Valve’s SteamOS 3.8 now officially supports desktop PCs with AMD GPUs. With Linux doubling its Steam market share in a year and the Steam Machine launching on June 29, the gap between SteamOS and Windows is narrowing faster than ever.
Valve released SteamOS 3.8 on June 22, 2026, and for the first time, the company is officially inviting gamers to install it on their own desktop hardware. Linux’s share on Steam reached 5.33% in March 2026, doubling from 2.3% a year earlier, while Windows dropped to 92.33%. The shift is still small in absolute terms, but it represents roughly 20 million Linux gamers on the platform, and the momentum is accelerating.
What SteamOS 3.8 Actually Changes
SteamOS 3.8 is not just a Steam Deck update. Valve explicitly stated that users can now “assemble their own Steam Machines using any PC components they prefer.” The update brings KDE Plasma 6.4.3 with Wayland as the default display protocol, significantly improving the desktop experience for those who want SteamOS on a traditional PC.
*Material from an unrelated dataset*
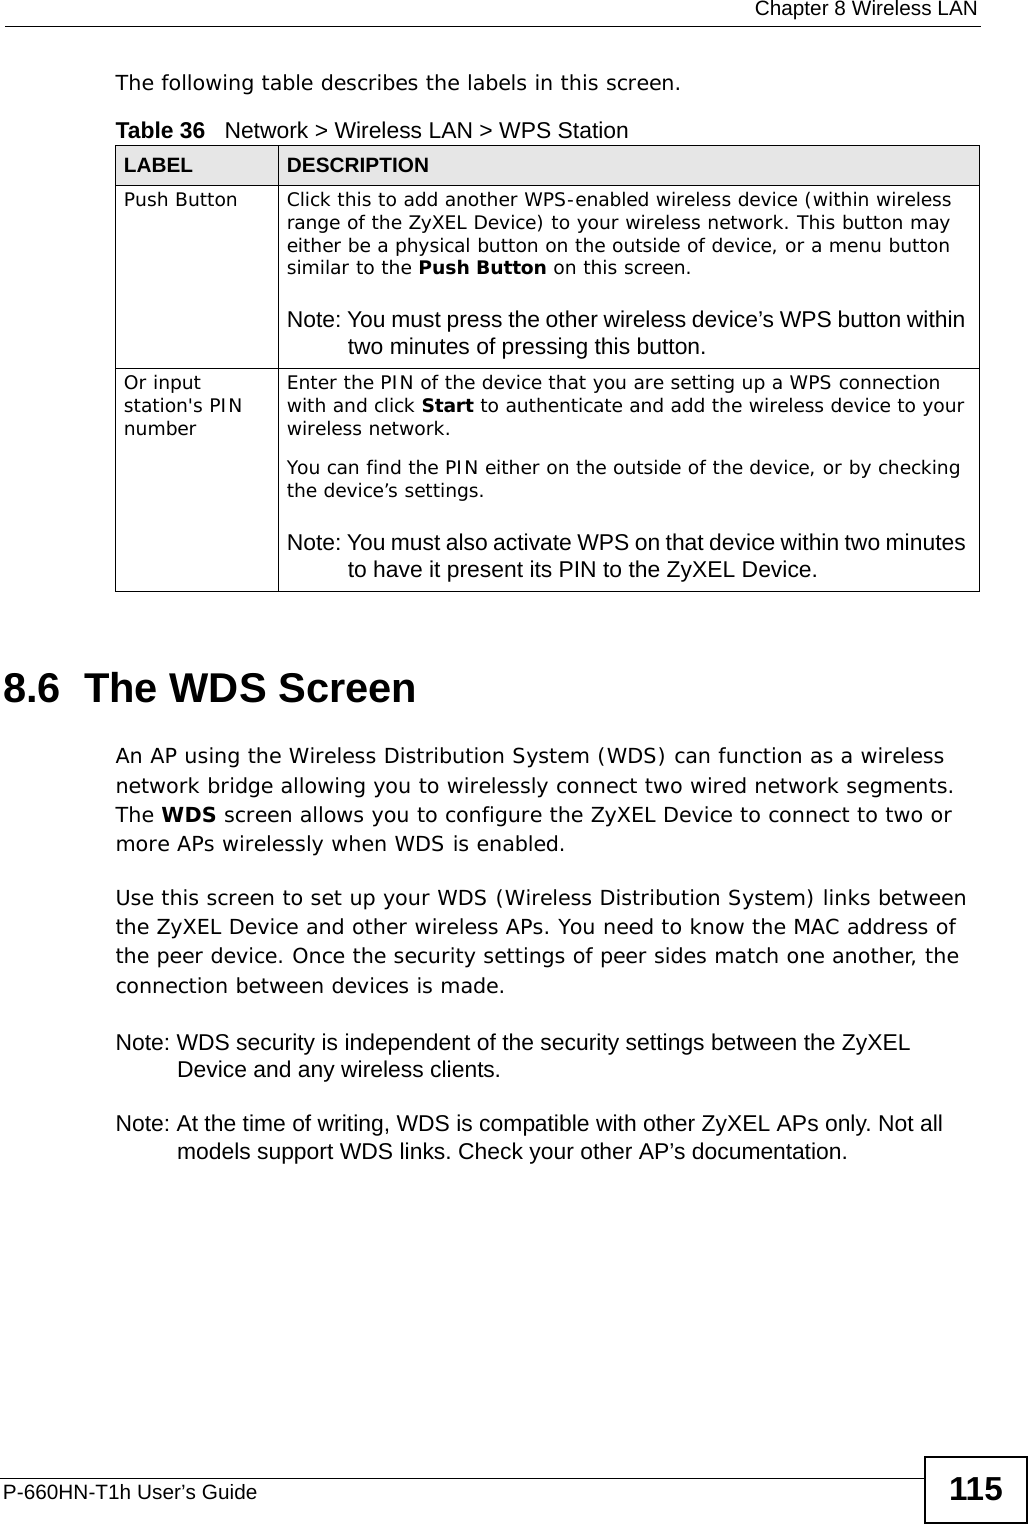  Chapter 8 Wireless LANP-660HN-T1h User’s Guide 115The following table describes the labels in this screen.8.6  The WDS ScreenAn AP using the Wireless Distribution System (WDS) can function as a wireless network bridge allowing you to wirelessly connect two wired network segments. The WDS screen allows you to configure the ZyXEL Device to connect to two or more APs wirelessly when WDS is enabled. Use this screen to set up your WDS (Wireless Distribution System) links between the ZyXEL Device and other wireless APs. You need to know the MAC address of the peer device. Once the security settings of peer sides match one another, the connection between devices is made. Note: WDS security is independent of the security settings between the ZyXEL Device and any wireless clients.Note: At the time of writing, WDS is compatible with other ZyXEL APs only. Not all models support WDS links. Check your other AP’s documentation.Table 36   Network &gt; Wireless LAN &gt; WPS StationLABEL DESCRIPTIONPush Button Click this to add another WPS-enabled wireless device (within wireless range of the ZyXEL Device) to your wireless network. This button may either be a physical button on the outside of device, or a menu button similar to the Push Button on this screen.Note: You must press the other wireless device’s WPS button within two minutes of pressing this button.Or input station&apos;s PIN numberEnter the PIN of the device that you are setting up a WPS connection with and click Start to authenticate and add the wireless device to your wireless network.You can find the PIN either on the outside of the device, or by checking the device’s settings.Note: You must also activate WPS on that device within two minutes to have it present its PIN to the ZyXEL Device.

Key technical improvements include:
- Greatly improved VRAM management on discrete GPU platforms
- HDMI VRR (variable refresh rate) support for native HDMI output
- Updated graphics drivers with performance and stability fixes
- Fixed performance regressions between game mode and desktop mode
- Improved compatibility with recent Intel and AMD platforms
- HDR support and per-display scale factors for external monitors
The catch: only AMD GPUs are officially supported right now. Nvidia users remain locked out of the official SteamOS experience, though third-party distros like Bazzite offer workarounds.
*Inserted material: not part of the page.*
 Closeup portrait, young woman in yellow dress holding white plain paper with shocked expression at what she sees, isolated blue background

Where Does Nvidia Support Stand?
Valve engineer Pierre-Loup Griffais confirmed in an interview with The Verge that Valve has “an expanding team” working on Nvidia driver support for SteamOS and is “collaborating very closely with Nvidia.” However, he indicated that this support may not arrive in 2026. Given that Nvidia dominates the discrete GPU market among Steam users, this remains the single biggest barrier to widespread SteamOS adoption on desktops.
Some users have managed to boot SteamOS on Intel Arc B580 desktop GPUs, and Intel has confirmed it is working with Valve on Mesa driver development. But for the roughly 60%+ of Steam gamers running Nvidia hardware, the wait continues.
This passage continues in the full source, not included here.